Penibel gelistet: Die Bürokratie mit ihren Akten ermöglicht heute den Nachweis der Zwangssterilisierungen. Fotos (3): Claudia Schmitt/Kreisarchiv

Foto: (m_kreis )

Bernkastel-Wittlich. "Es hat mich regelrecht erschüttert, dass es so alltäglich war." Das sagt Claudia Schmitt, Leiterin des Kreisarchivs, nachdem sie mehr als zwei Jahre Schicksalen von Menschen im Kreis nachgespürt hat, die in der Zeit des Nationalsozialismus entweder zwangssterilisiert oder auch ermordet wurden: furchtbare Geschichten, die fast vergessen wurden.
Jedoch ist seit längerem das Interesse der Forschung an diesen Opfern erwacht. Claudia Schmitt hat zudem schon über Zwangsarbeit in der NS-Zeit im Kreis geforscht: "Und alles hängt irgendwie zusammen. So stoße ich immer wieder auf diese Themen und fange an nachzuforschen: Wie war das bei uns?" Ihre Recherche ist noch nicht abgeschlossen, das wird sie vermutlich nie, aber die Kreisarchiv-Leiterin hat mit Unterstützung des Landeshauptarchivs viele Fälle aus alten Akten dokumentieren können.
So erinnert ihre Arbeit an das, was fast vergessen ist und auch in den Altkreisen Wittlich und Bernkastel schlimme Folgen für die Menschen hatte.

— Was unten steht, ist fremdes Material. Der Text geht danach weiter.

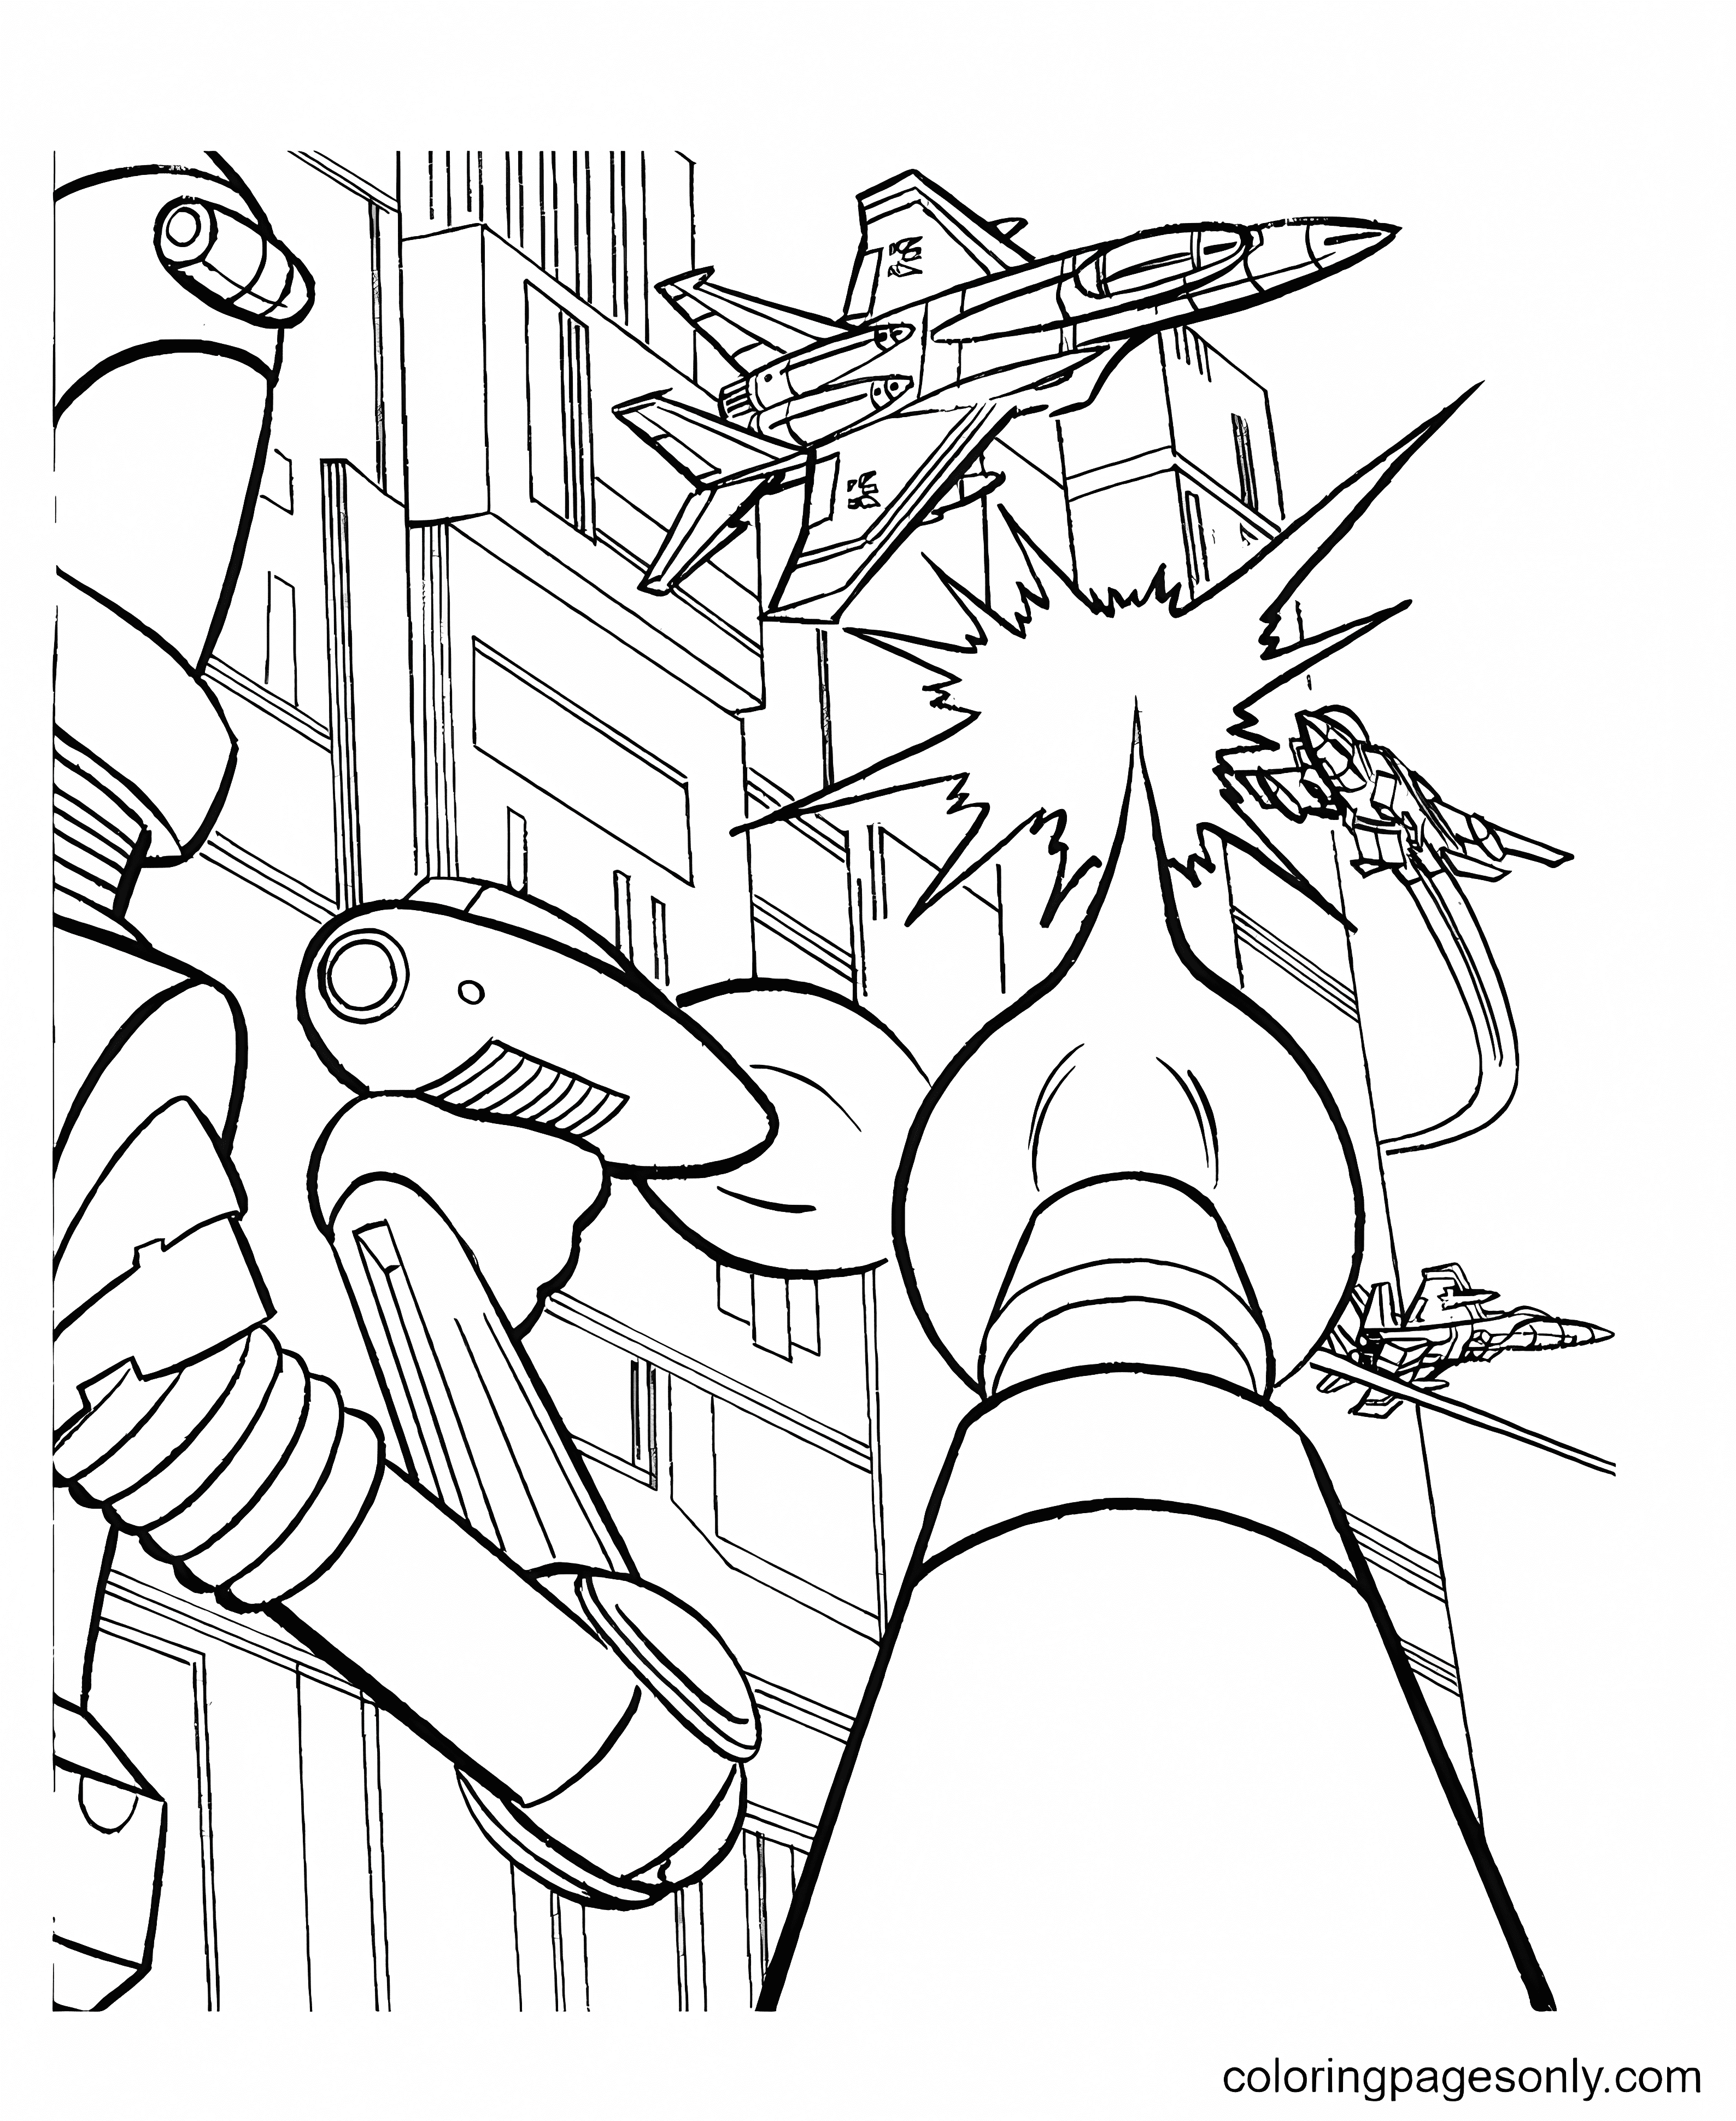 Transformers fight Coloring Pages

Am Anfang stand dabei der Mensch, der einen anderen Menschen beim Gesundheitsamt anzeigte: Ärzte, Hebammen, Mitarbeiter aus Heil- und Pflegeanstalten, Fürsorgeheimen meldeten dem Gesundheitsamt kranke oder körperbehinderte Personen. Auch Ortsbürgermeister und Ortsvorsteher meldeten Menschen, die unter das "Gesetz zur Verhütung erbkranken Nachwuchses" fielen: Körperbehinderte, Blinde, Taube, körperlich und seelisch Kranke, Geisteskranke und Alkoholiker. Weiterhin taucht ein Musterungsarzt im Aktenmaterial auf. Er meldete dem Wittlicher Landrat fünf "dienstpflichtige Männer" aus dem Landkreis Wittlich zur Sterilisierung.
Die massive Anzeigewelle an Gesundheitsämtern hat mit dem "Gesetz zur Verhütung erbkranken Nachwuchses" vom 14. Juli 1933 begonnen. Die Folge für die Angezeigten reichten von Zwangssterilisation bis zur Ermordung.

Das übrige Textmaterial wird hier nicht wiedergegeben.